Working through an agency, a CDP will typically earn between £11 and £14 an hour. Doing a 50-hour week, they can pull £30,000 a year; and there is no shortage of extra hours for those who want to earn more. In contrast, a full-time CDP position normally commands a salary of £20,000 to £25,000.

Some businesses (high street chains that can accurately predict weekly takings, event-led and seasonal restaurants, etc), find the flexibility offered by agencies essential in managing staff costs. Others see agency staff as a stop-gap. Mary Willcock, managing director at the almost 60-strong pub group Brunning & Price, says that ideally it would not use agencies. The company maintains its own in-house team of ‘roving chefs’ to step into short-staffed kitchens.

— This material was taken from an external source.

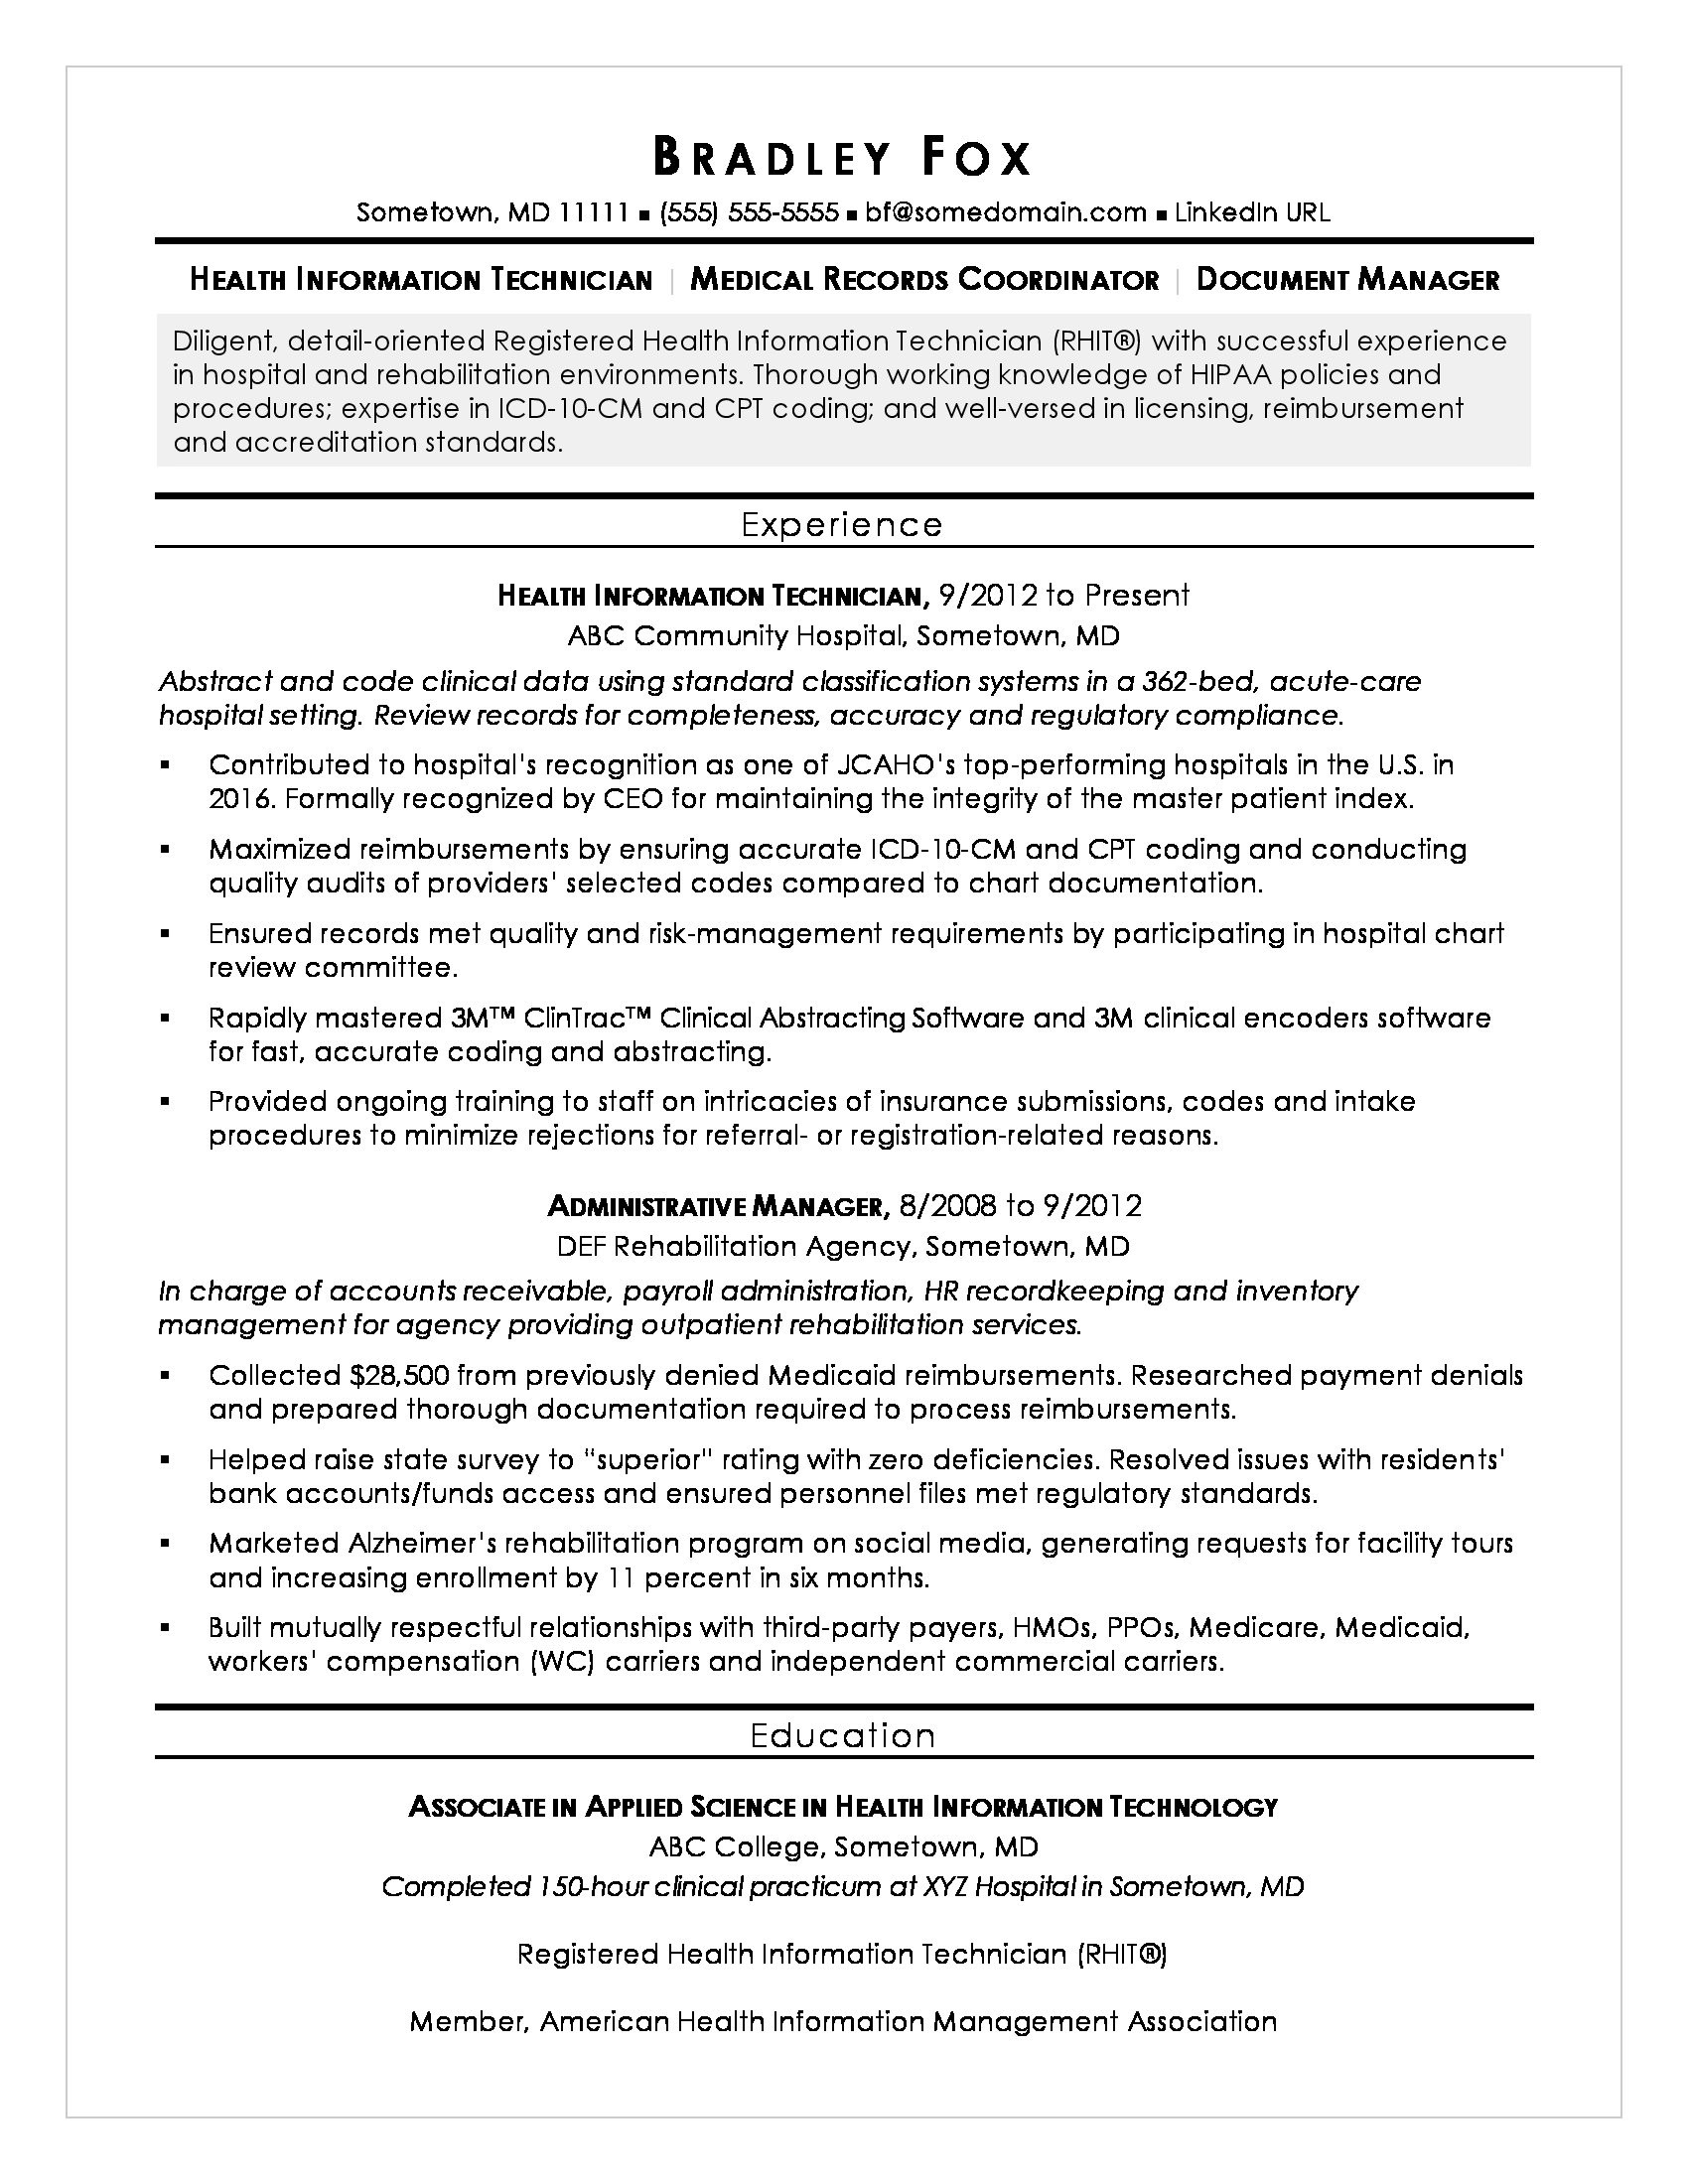 Sample Resume for Health Informatics Specialist Health Information Technician Sample Resume Monster.com

Even so, Brunning & Price does use agency staff: “It ebbs and flows,” says Willcock. “It can be a very small proportion and, at other times, we might need a number of agencies to support our pubs. We’re an expanding business and having access to a good network of agency chefs provides a sensible safety net in a tricky market.”

Elsewhere, however, some observers warn that the industry’s over-reliance on expensive agency staff will have dire consequences. Stories abound of venues employing, for example, a sous and head chef but then staffing kitchens largely, if not entirely, with agency staff (whose wages typically include a 20% agency commission; a £12.50-an-hour CDP will cost an employer £15).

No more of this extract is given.